WHAT YOU WILL DO:
Given the records below, would you repeat exactly the lines that begin at the one containing "MIZON Correct Liquid Foundation 30g" and end at the one containing "Mortal Kombat 11", inclusive?

DATA SHOWN:
+===+

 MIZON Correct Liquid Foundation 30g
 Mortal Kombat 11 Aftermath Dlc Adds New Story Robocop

+===+

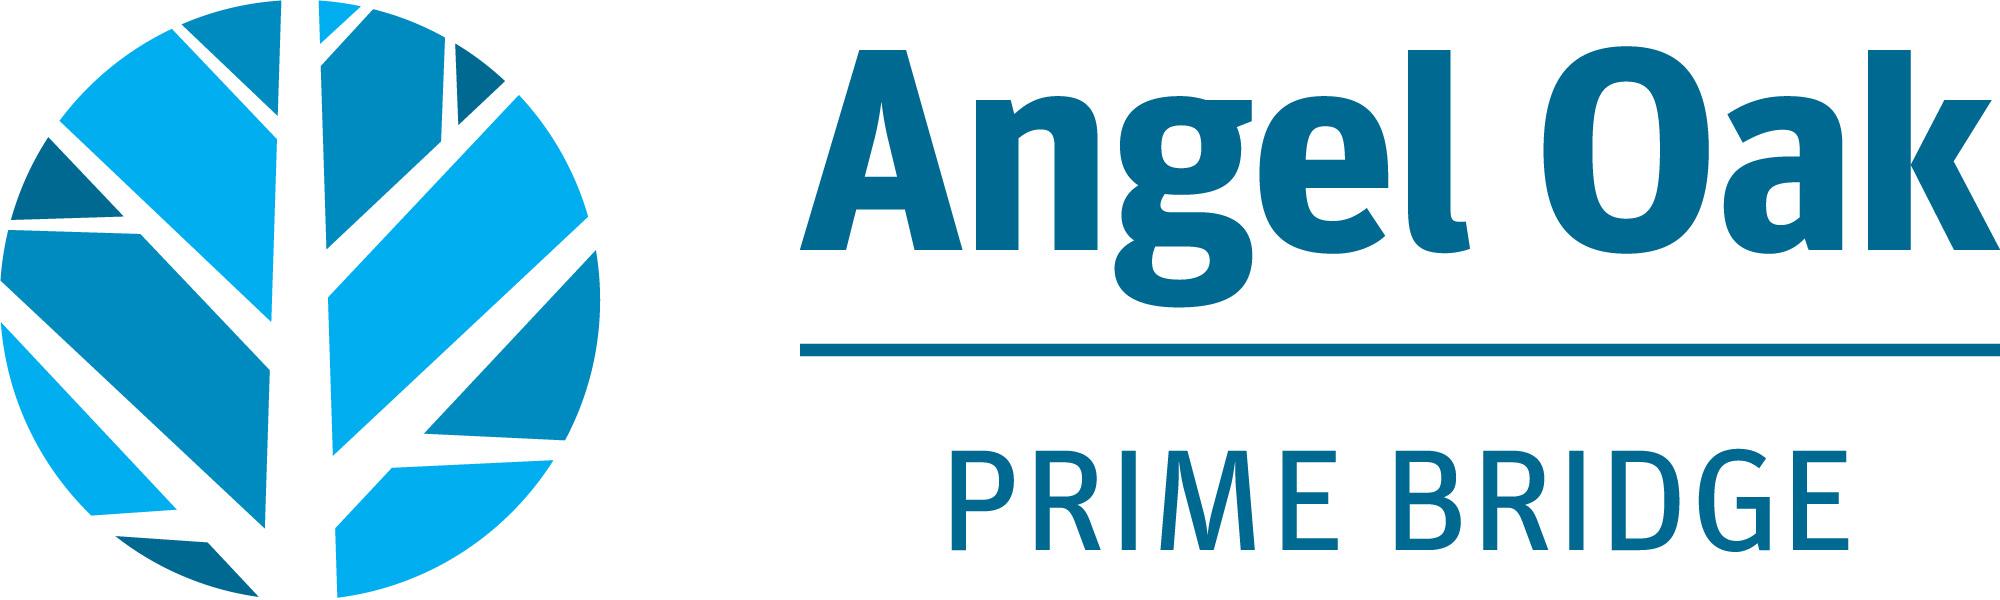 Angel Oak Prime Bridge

+===+

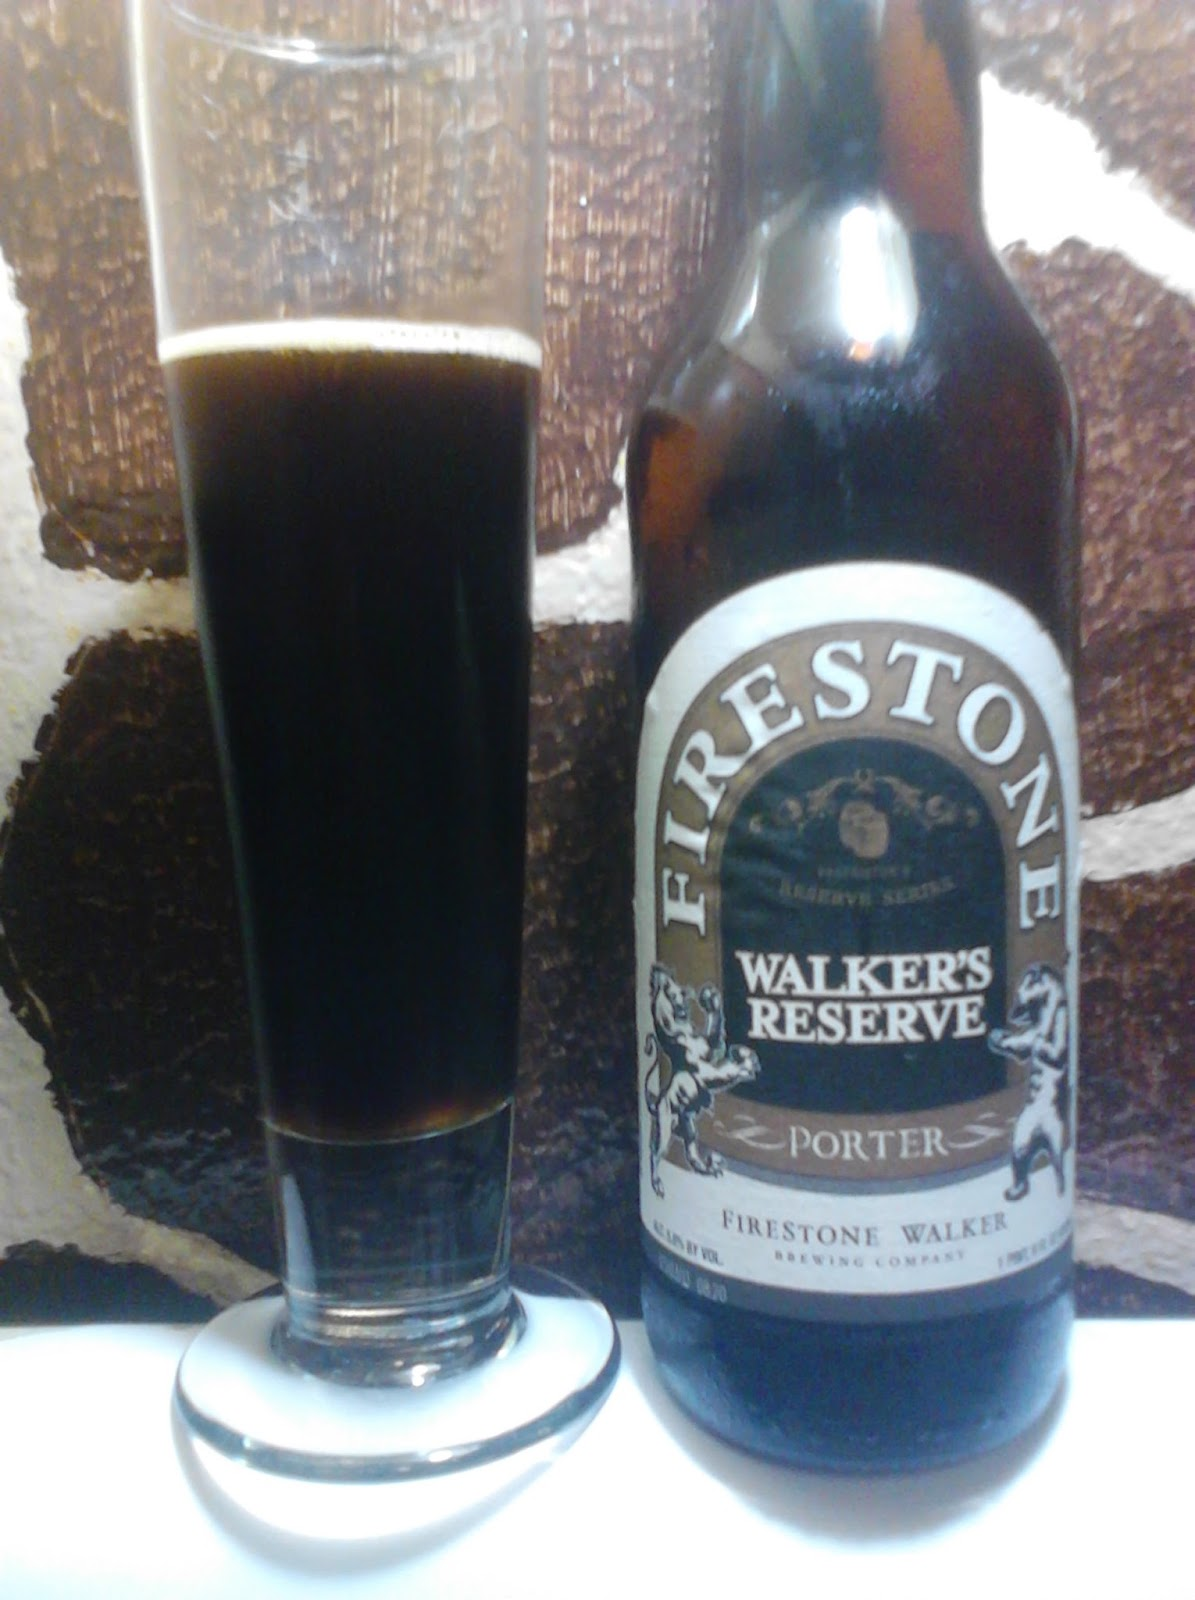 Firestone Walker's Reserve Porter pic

+===+

WRITTEN ANSWER:
 MIZON Correct Liquid Foundation 30g
 Mortal Kombat 11 Aftermath Dlc Adds New Story Robocop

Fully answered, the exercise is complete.